You may also find that you are losing weight. And no, this is not an especially welcome event–not in this situation. You lose weight because your cells are in essence starving. Nutrients cannot enter your cells, so your body is malnourished. Yes, even if you are eating plenty of food, nutrients and fuel are unable to get where they are needed.

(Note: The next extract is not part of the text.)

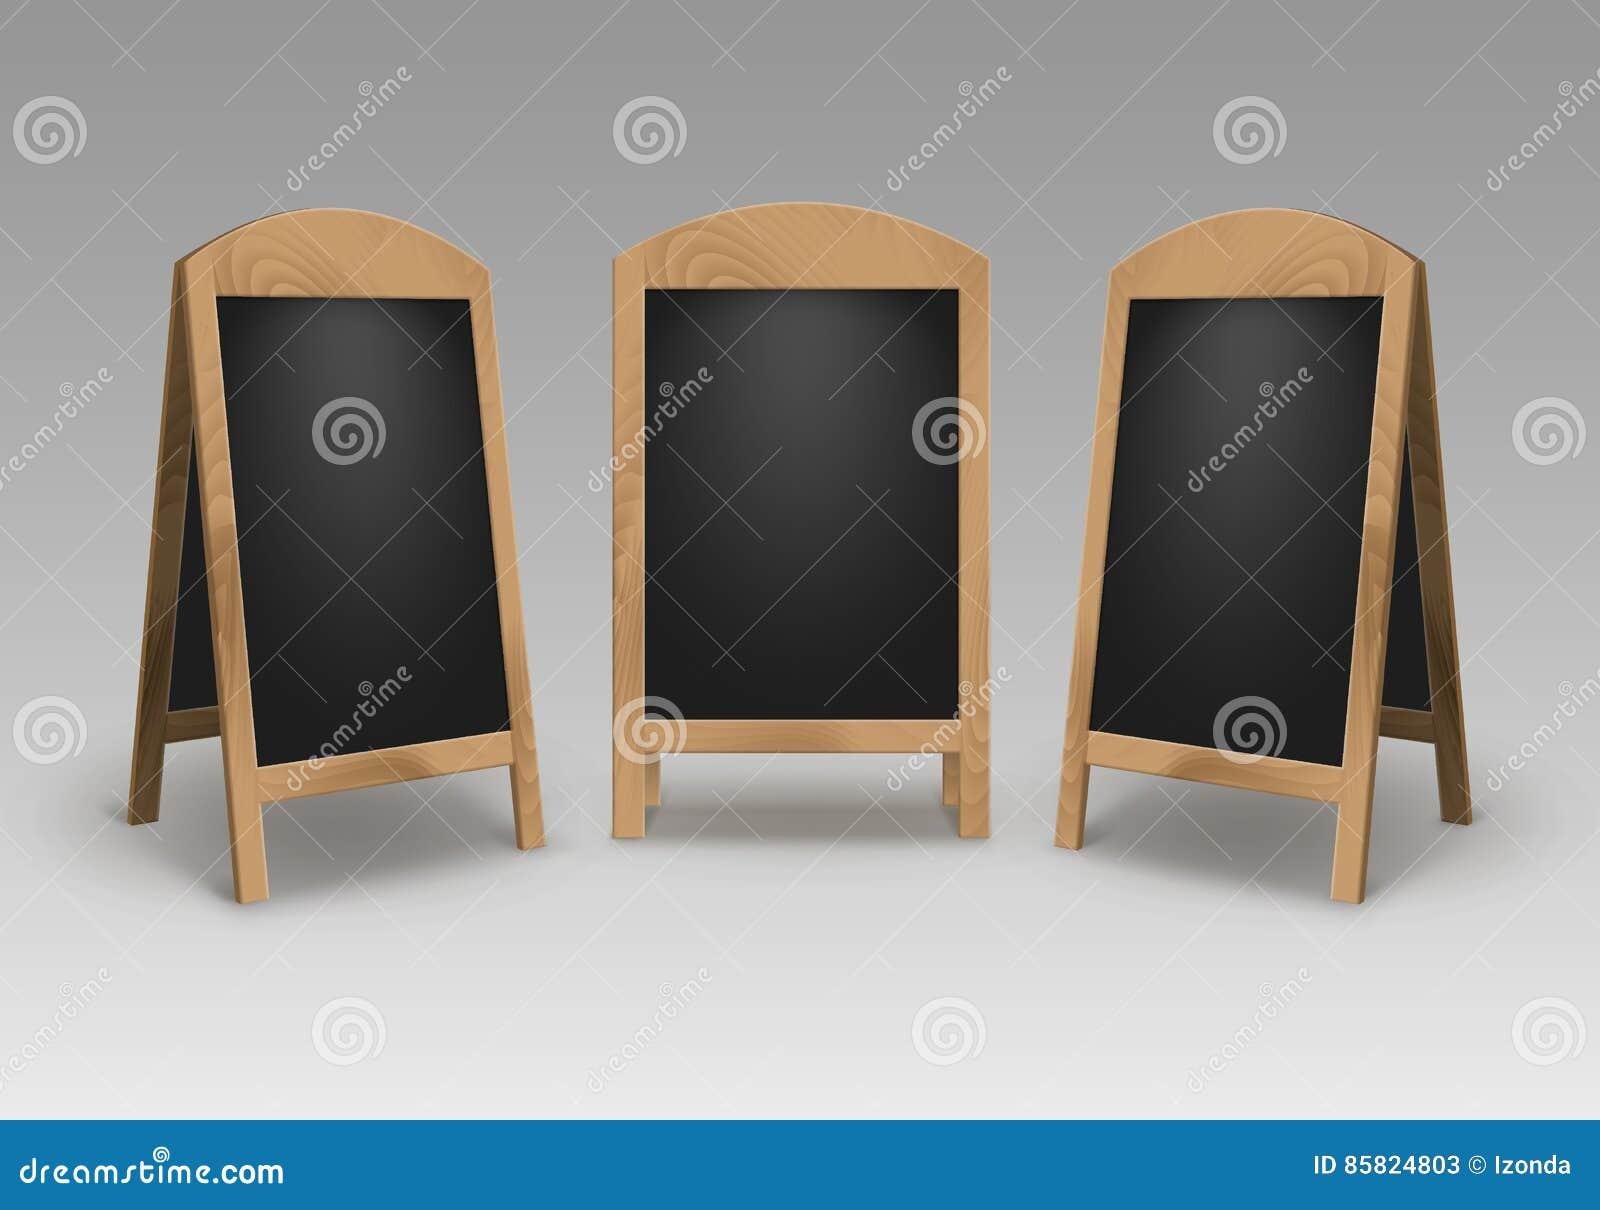 Vector Set Of Wooden Empty Blank Advertising Street Sandwich Stands

Every day, people arrive at doctors’ offices complaining of fatigue, frequent urination, thirst, and sometimes unexplained weight loss. The doctor takes a blood sample, finds an unusually high level of glucose in the blood, and diagnoses diabetes. The doctor then advises the patient that it is essential to get blood sugar under control. An overly large amount of glucose flooding through the bloodstream day after day can harm the arteries. Left unchecked, it can damage the heart and the delicate blood vessels of the eyes, kidneys, and extremities.
But as we have shown in our research studies, the road to high blood sugar is a two-way street. When you change your diet and make other healthful improvements, a rising glucose level can fall. Sometimes the change can be so dramatic that no doctor looking at you afterward would ever guess that you had once been diagnosed with diabetes.
* The passage of glucose from the bloodstream into the urine led to the technical name doctors use for diabetes: diabetes mellitus. Diabetes comes from a Greek word meaning “to pass through,” and mellitus is the Latin word for “honey” or “sweet.”